Records from a data collection

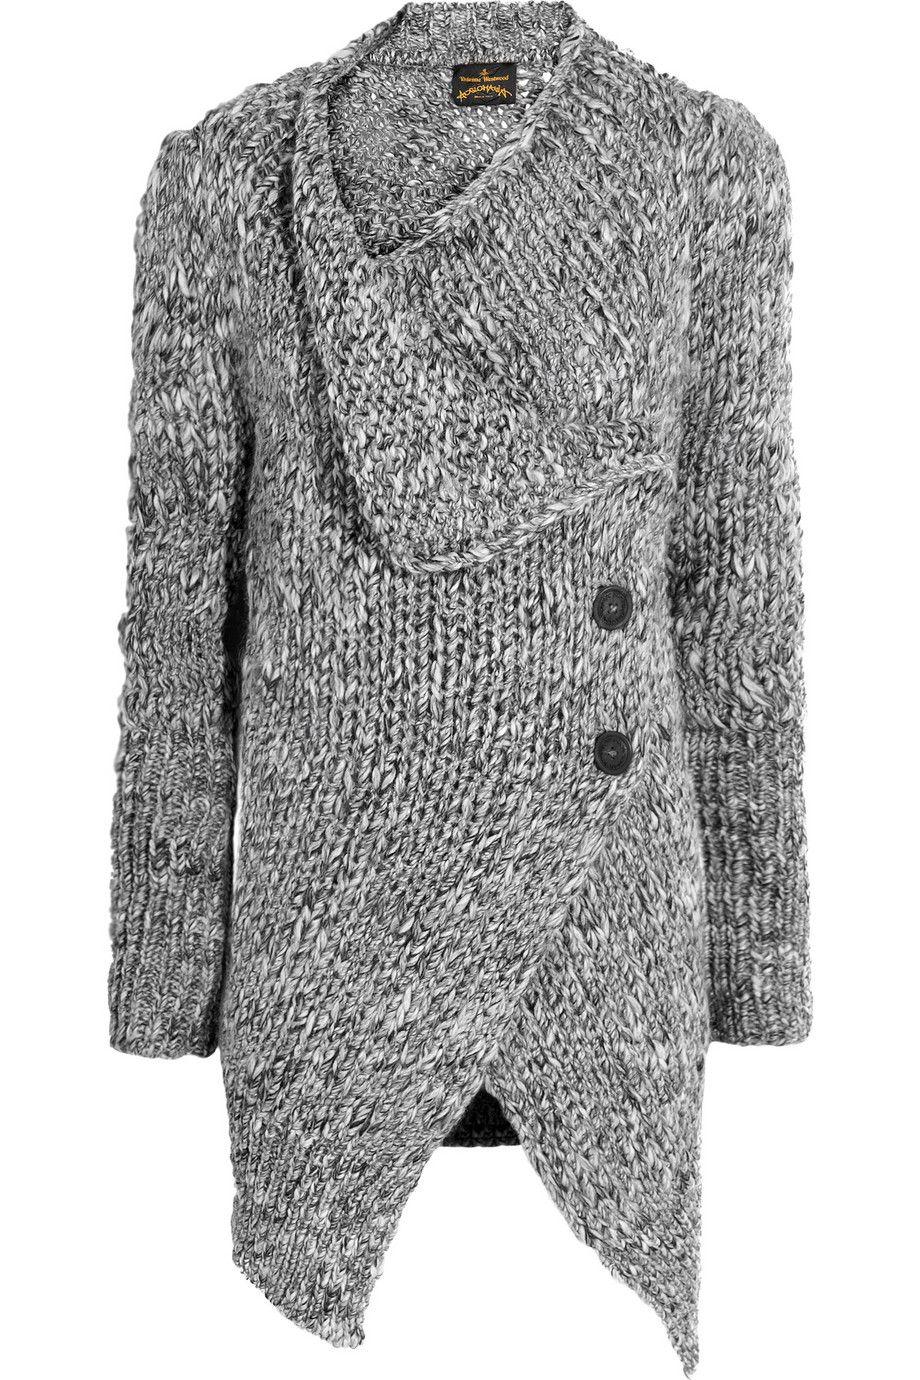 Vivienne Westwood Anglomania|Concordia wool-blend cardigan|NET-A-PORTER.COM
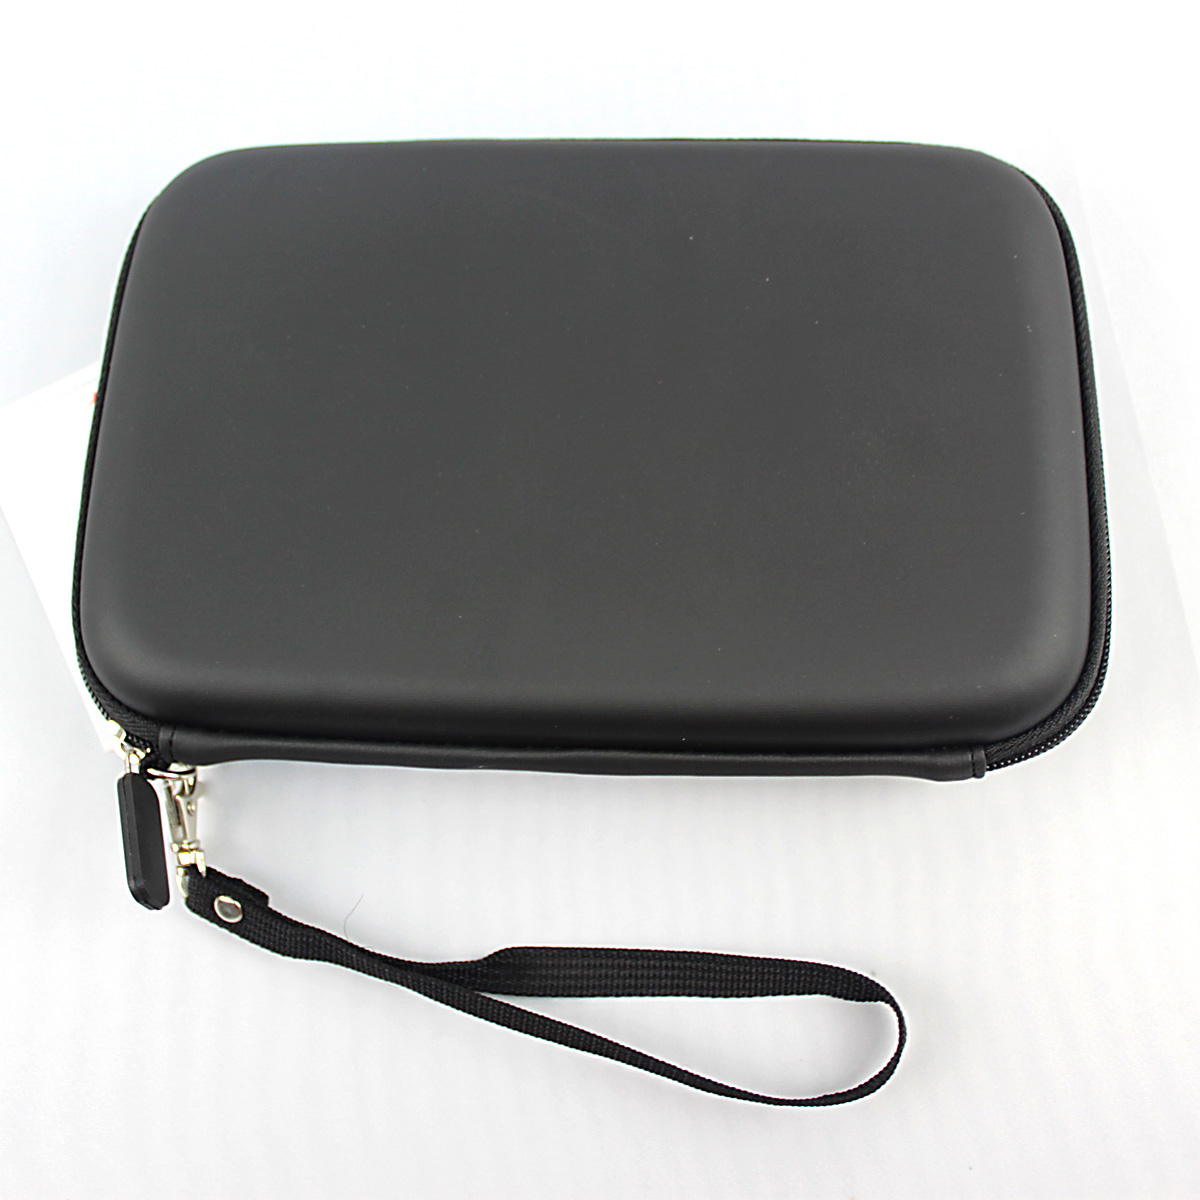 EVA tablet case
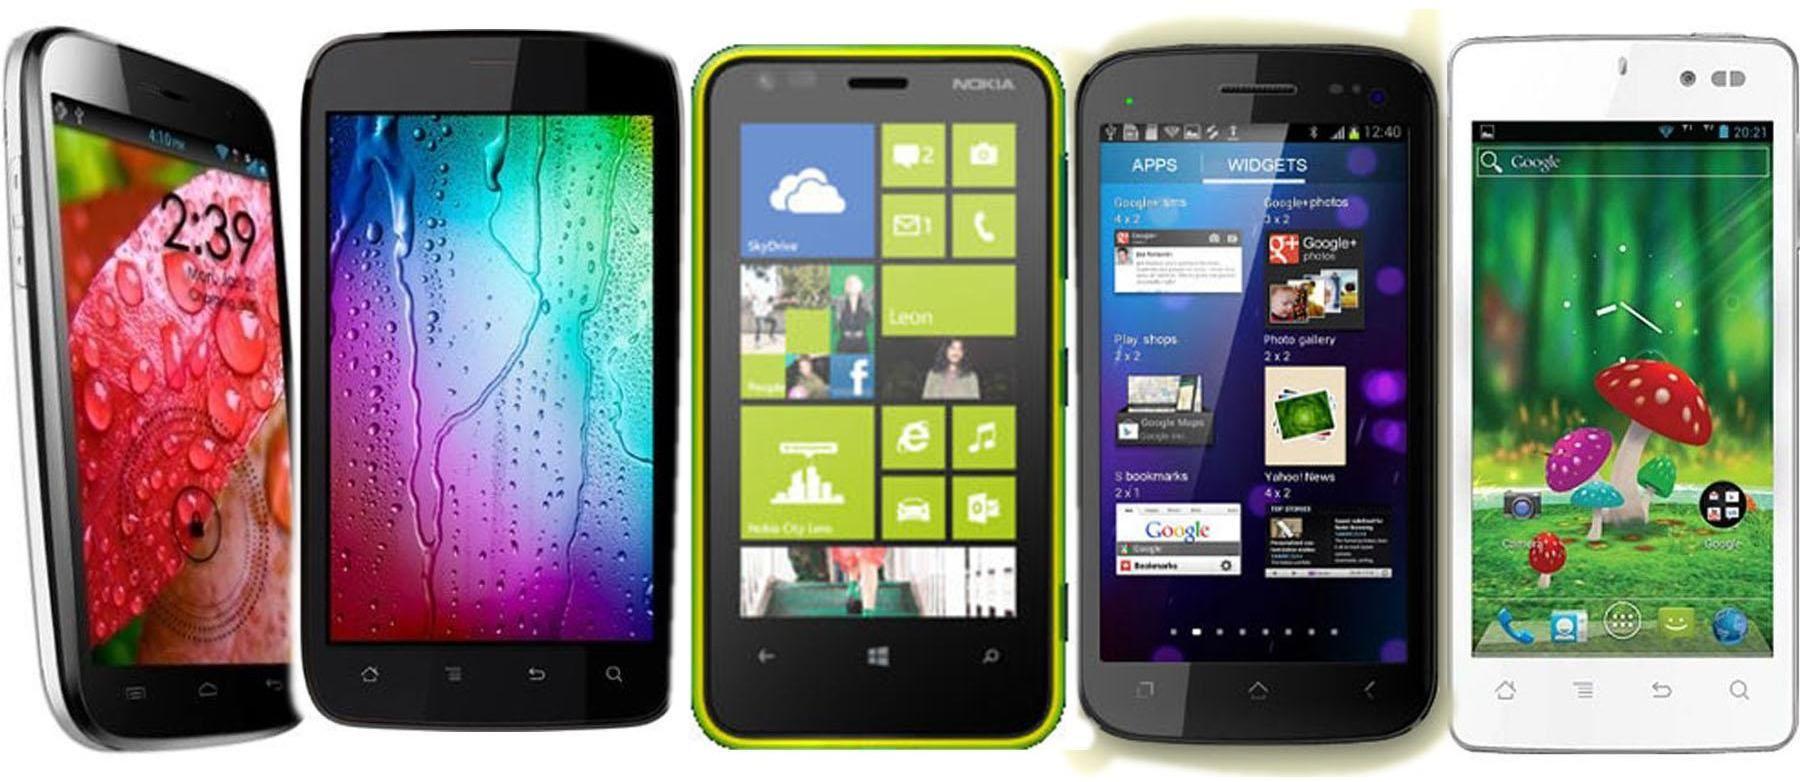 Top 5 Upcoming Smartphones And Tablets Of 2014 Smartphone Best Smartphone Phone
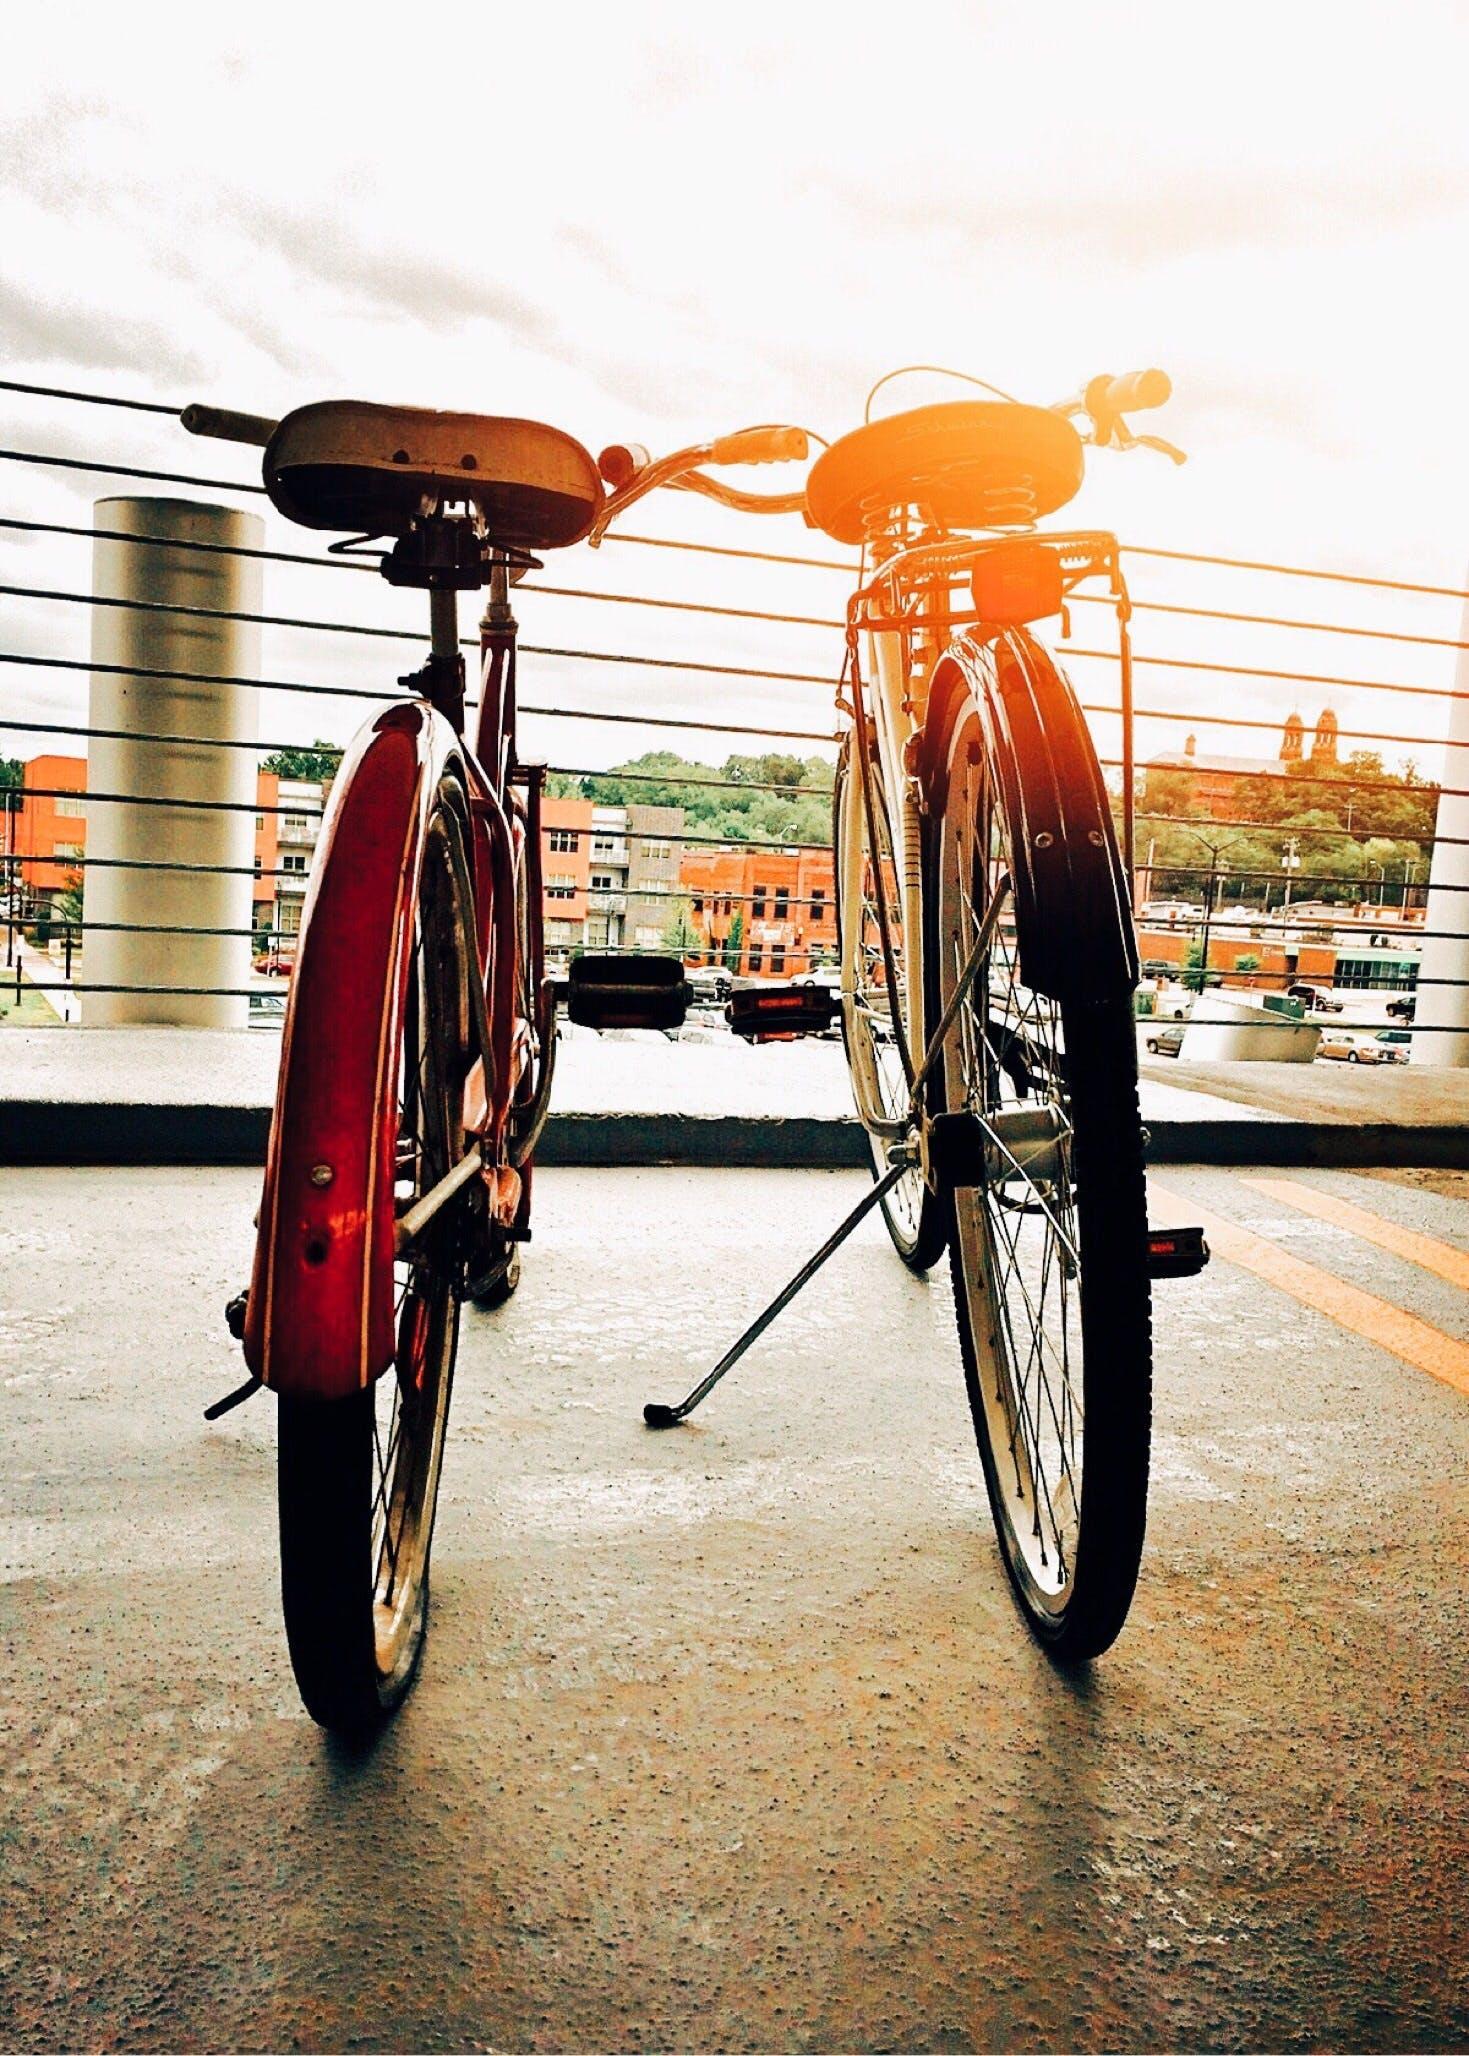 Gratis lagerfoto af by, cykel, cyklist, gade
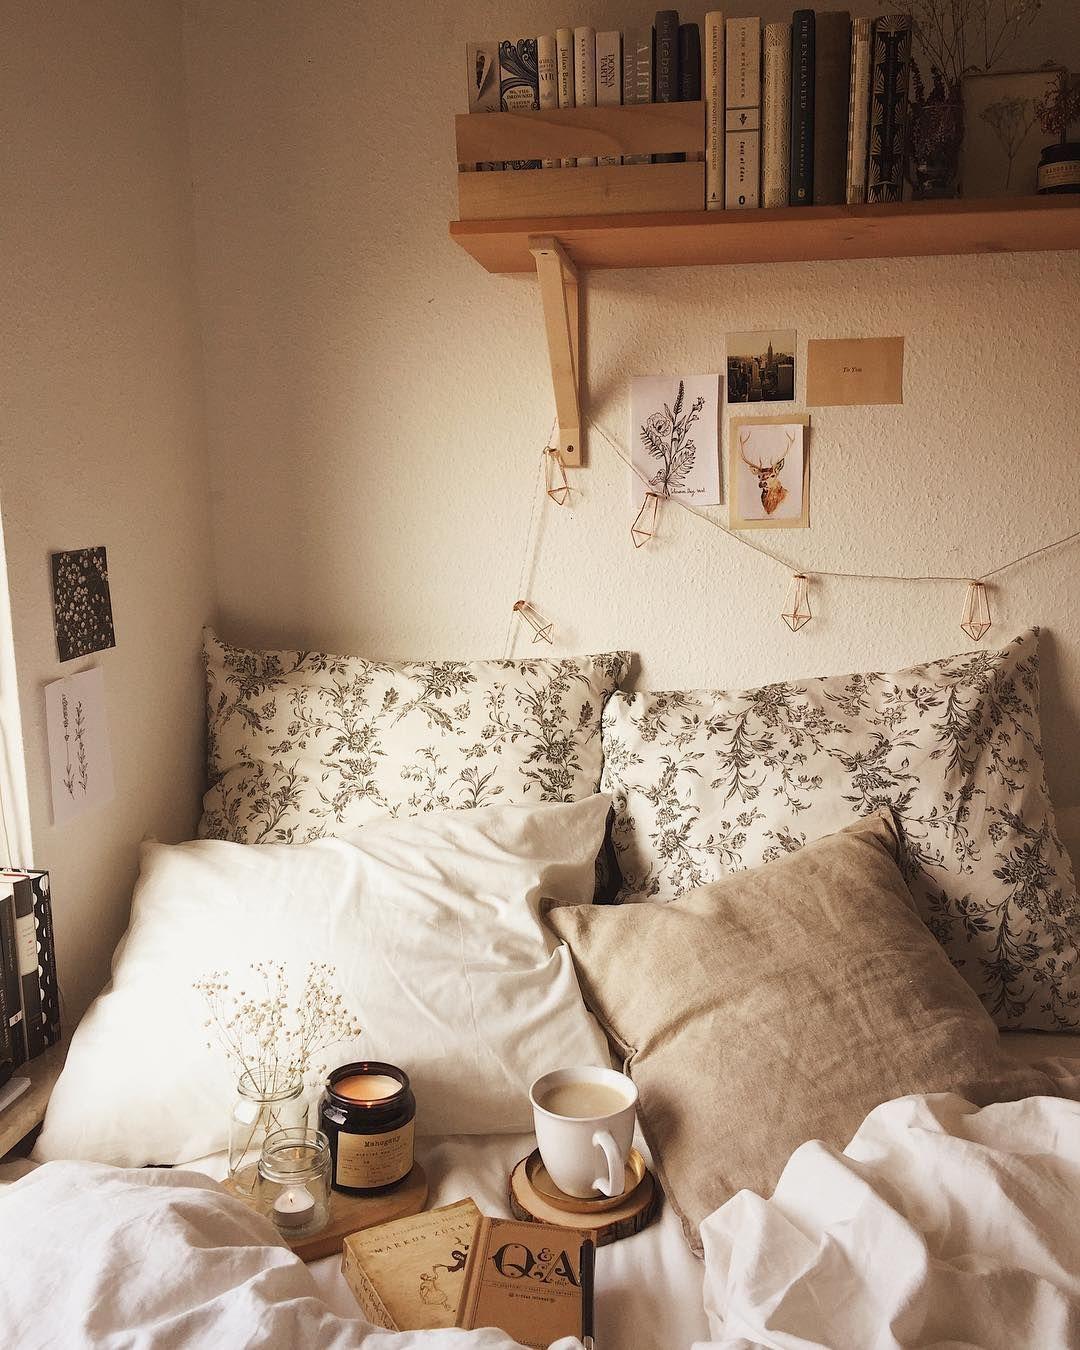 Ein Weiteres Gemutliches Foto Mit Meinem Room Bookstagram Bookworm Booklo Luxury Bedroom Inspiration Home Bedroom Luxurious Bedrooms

INSTRUCTIONS TO FOLLOW
Each record above needs to be copied exactly, with images left out.

YOUR RESPONSE
 Vivienne Westwood Anglomania|Concordia wool-blend cardigan|NET-A-PORTER.COM
 EVA tablet case
 Top 5 Upcoming Smartphones And Tablets Of 2014 Smartphone Best Smartphone Phone
 Gratis lagerfoto af by, cykel, cyklist, gade
 Ein Weiteres Gemutliches Foto Mit Meinem Room Bookstagram Bookworm Booklo Luxury Bedroom Inspiration Home Bedroom Luxurious Bedrooms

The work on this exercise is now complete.